Document comparison benefits from a model with good instruction following and the ability to maintain attention across long context. For short documents (under 5,000 words combined), any 7–8B model works well — Llama 3.2 8B, Qwen2.5 7B, or Mistral 7B all handle focused comparison prompts reliably. For long documents requiring 16K+ context, consider Mistral Nemo 12B with a 32K Modelfile configuration — it maintains better coherence across very long prompts than 7B models. For the most critical comparisons (high-stakes contracts, important research), running the same comparison twice with different models and checking for consistency between outputs is a useful quality control step that takes minutes but catches cases where one model missed something the other caught.

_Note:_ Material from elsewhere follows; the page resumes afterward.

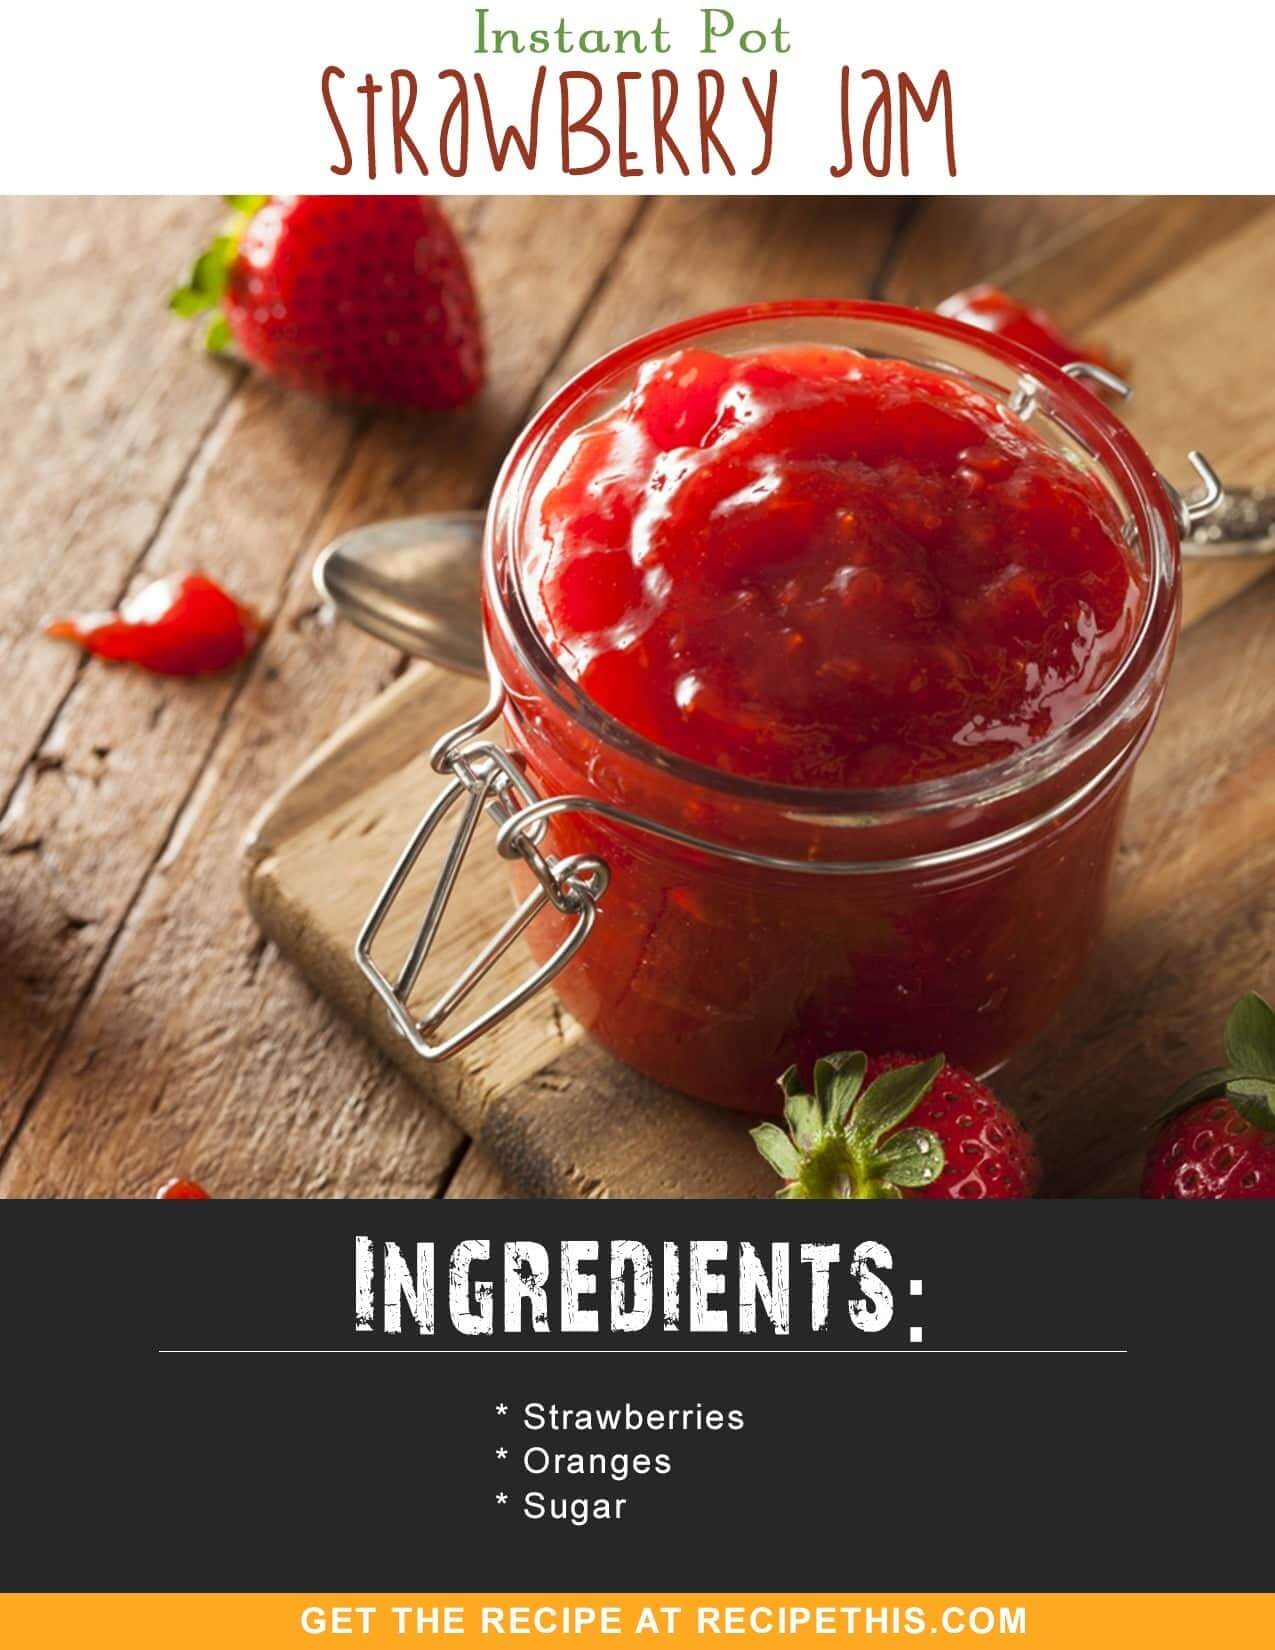 Instant Pot Recipes | Instant Pot Strawberry Jam Recipe from RecipeThis.com

Set temperature to 0.1–0.2 for comparison tasks. Higher temperatures introduce randomness that can cause the model to miss differences it would have caught deterministically, or to hallucinate differences that do not exist. Document comparison is a precision task where consistency matters more than creativity — use the settings that maximise consistency.

Comparing Across Multiple Documents

def compare_many(documents: dict[str, str], question: str) -> str:
    """
    Compare multiple documents against a specific question.
    documents: {'label': 'content'} mapping
    """
    sections = '\n\n'.join(
        f'Document {label}:\n{content[:3000]}'
        for label, content in documents.items()
    )
    response = ollama.chat(
        model='llama3.2',
        messages=[{'role':'user','content':
            f'{question}\n\nAnswer for each document, then compare across all:\n\n{sections}'
        }],
        options={'temperature':0.2,'num_ctx':16384}
    )
    return response['message']['content']

# Example: compare vendor proposals
proposals = {
    'Vendor A': open('proposal_vendor_a.txt').read(),
    'Vendor B': open('proposal_vendor_b.txt').read(),
    'Vendor C': open('proposal_vendor_c.txt').read(),
}
print(compare_many(proposals,
    'What are the delivery timeline and pricing terms for each vendor?'))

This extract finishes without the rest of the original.